START INFORMATION SUPPLIED
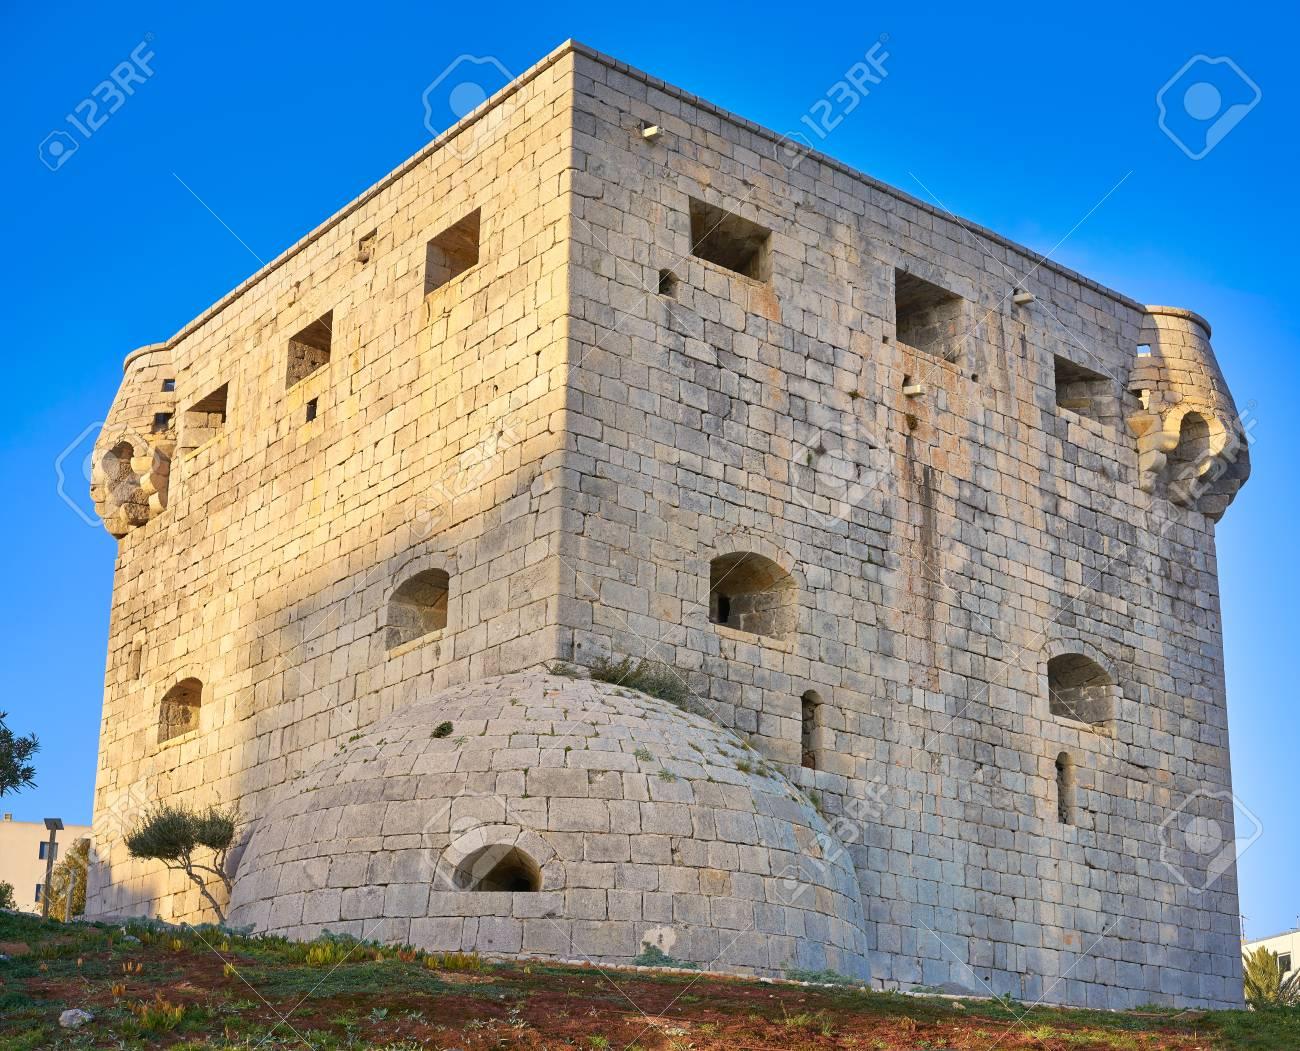 Torre Del Rey Tower At Oropesa De Mar In Castellon Spain
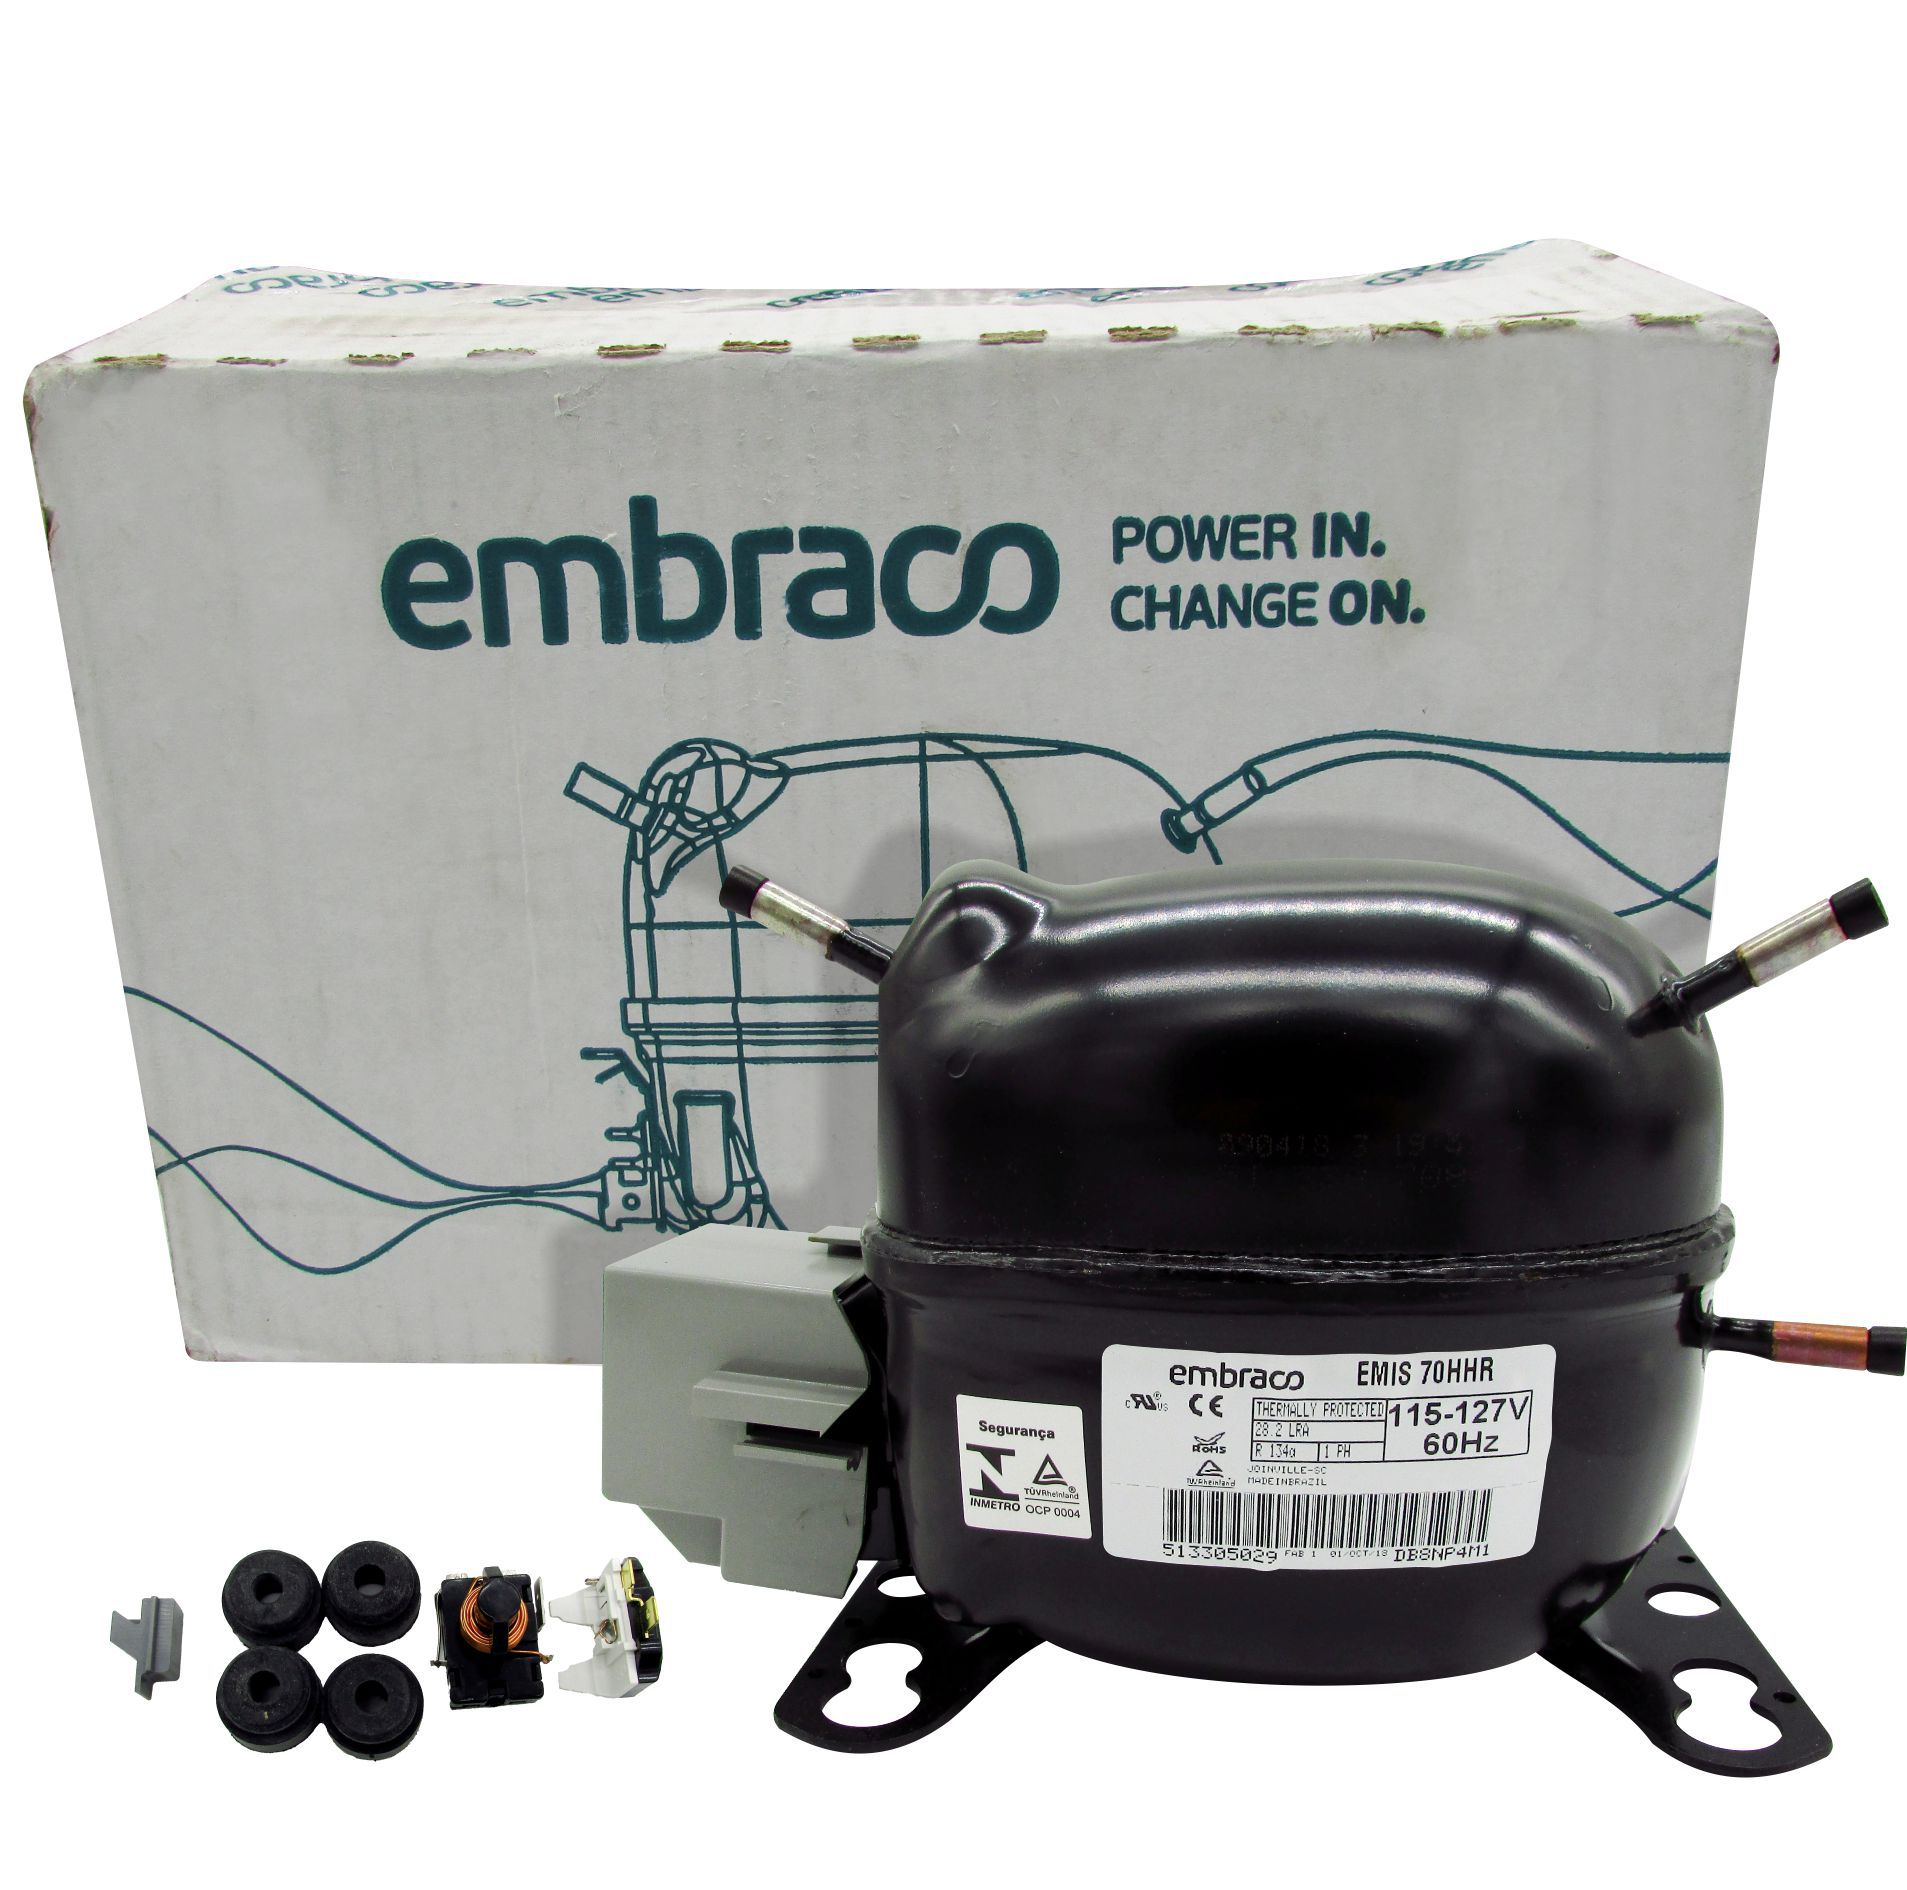 Motor Compressor Embraco 1/5Hp R134a Original EMIS70HHR / EMI70HER
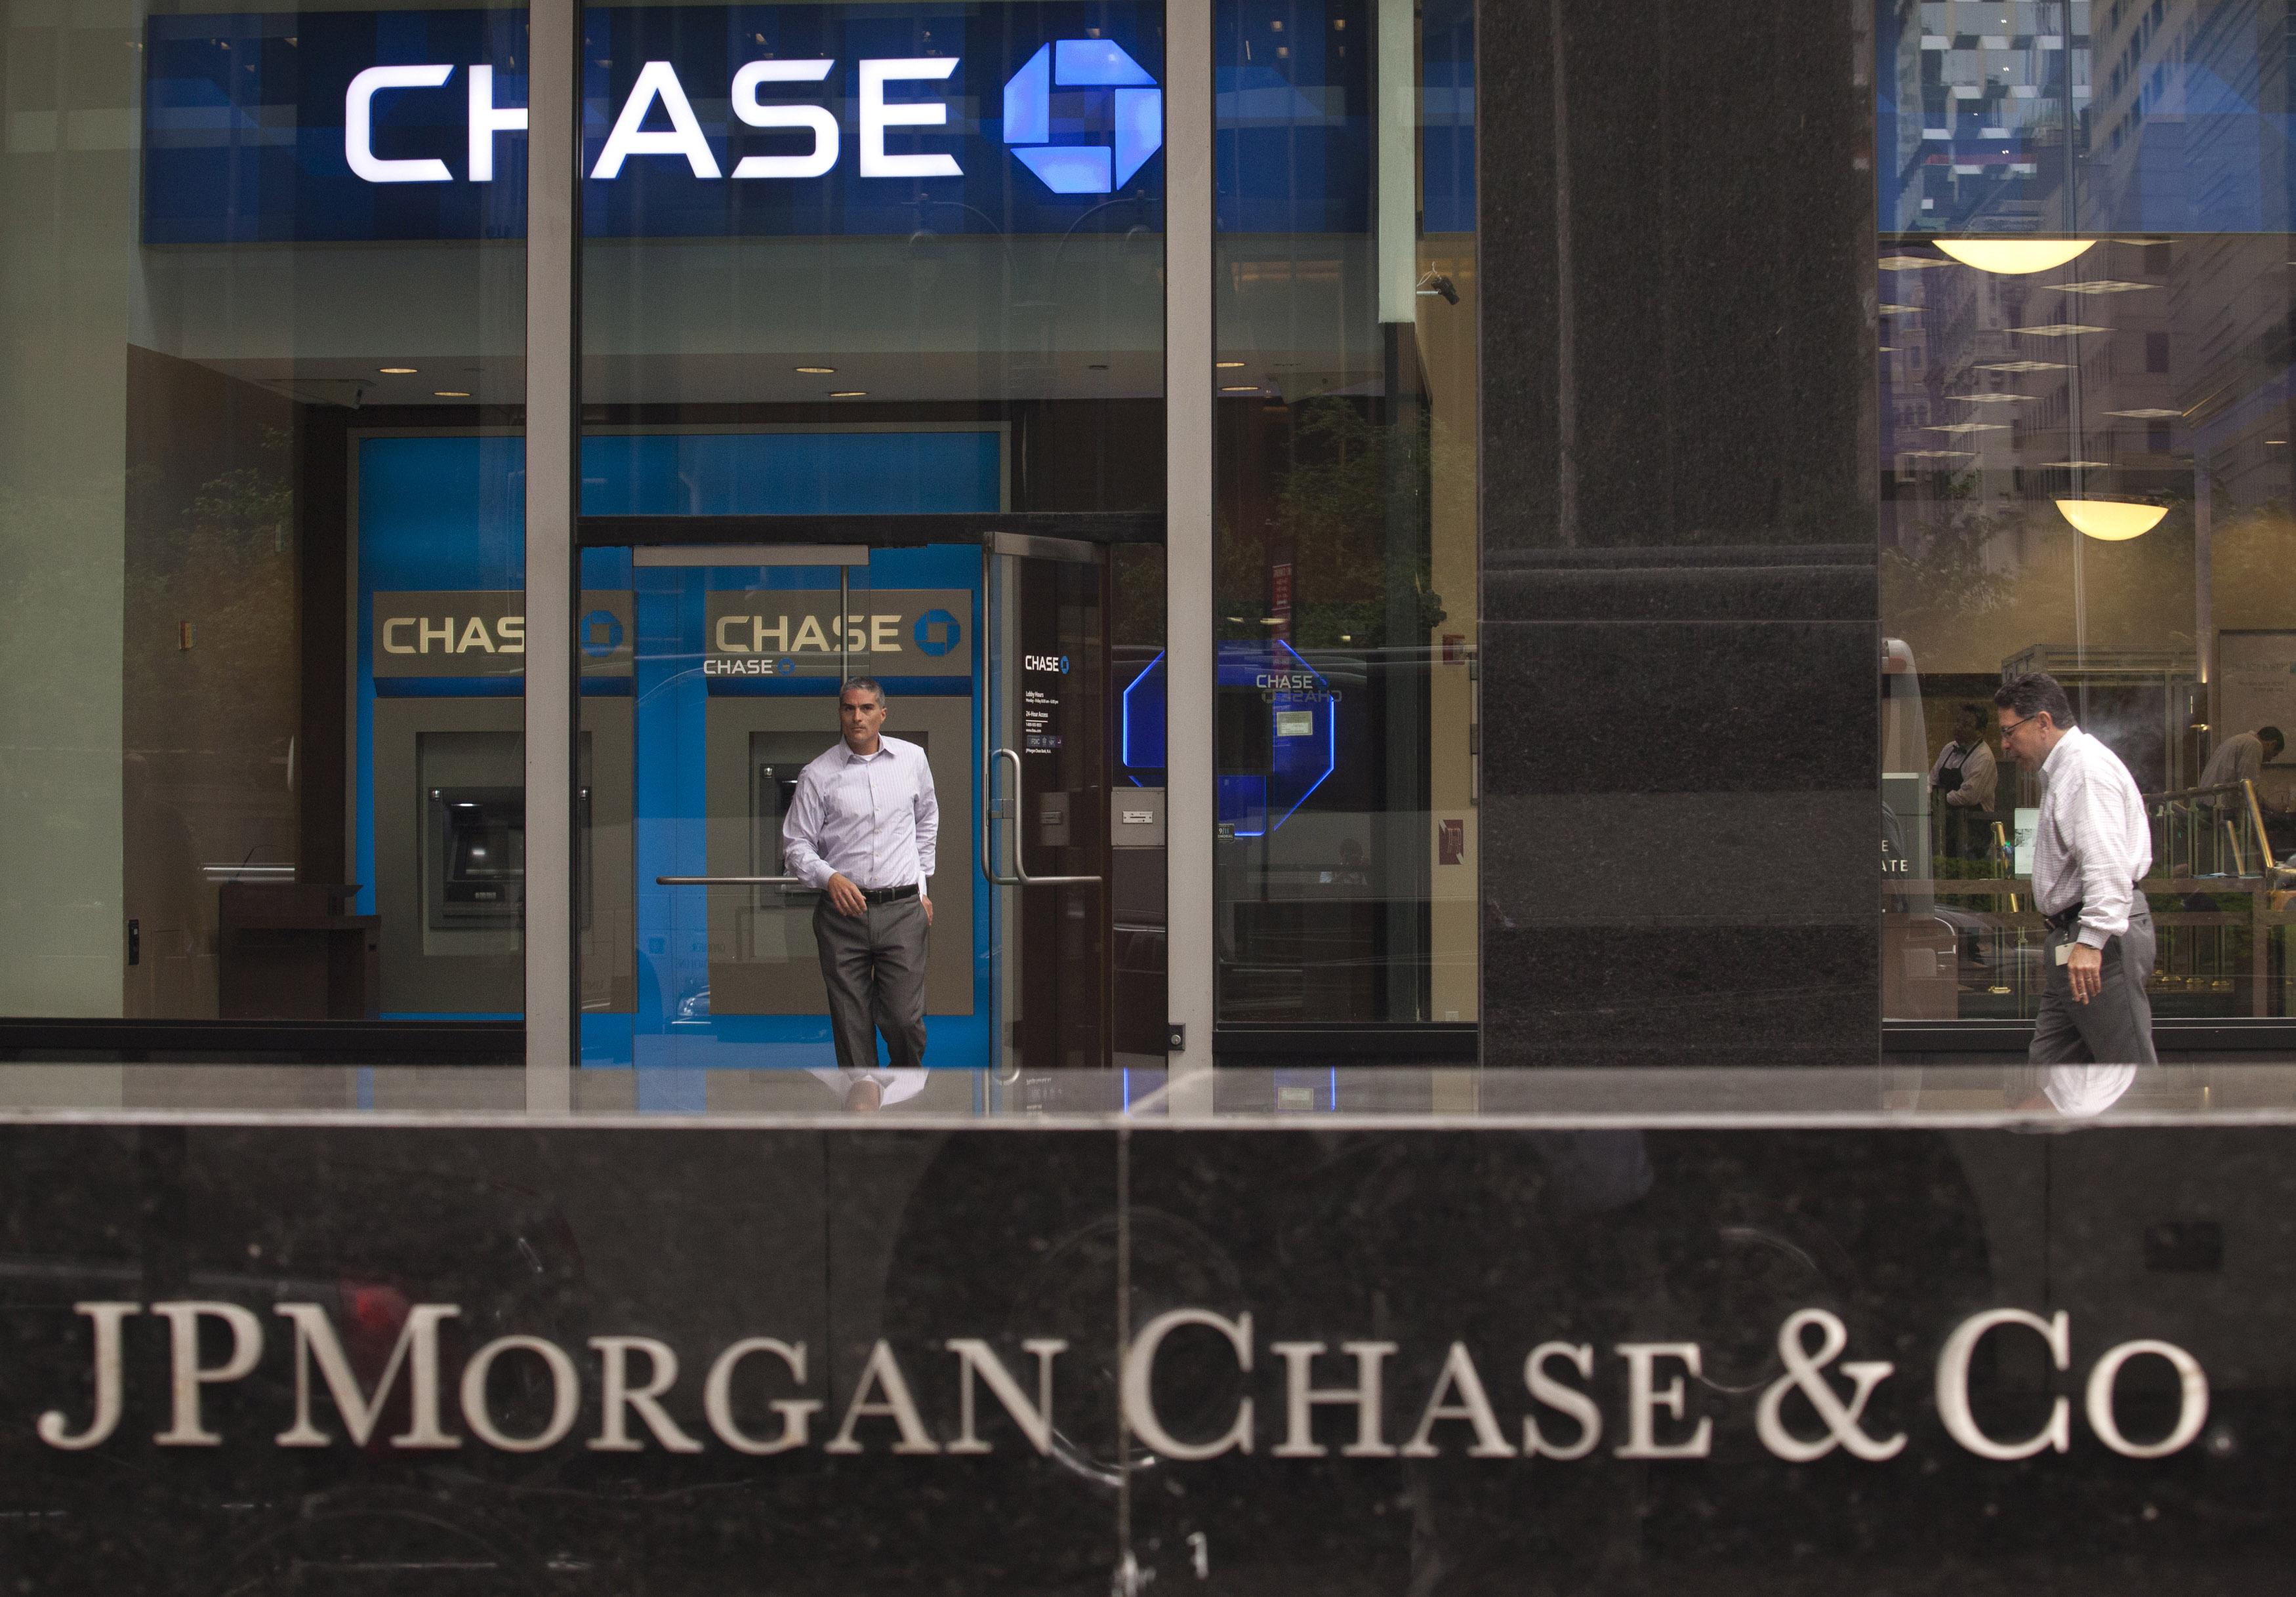 JPMorgan blockchain idea is far from a killer app
END INFORMATION SUPPLIED
__WHAT YOU WILL DO__:
Restate all of the material word for word, leaving every picture out.

__WRITTEN RESPONSE__:
 Torre Del Rey Tower At Oropesa De Mar In Castellon Spain
 Motor Compressor Embraco 1/5Hp R134a Original EMIS70HHR / EMI70HER
 JPMorgan blockchain idea is far from a killer app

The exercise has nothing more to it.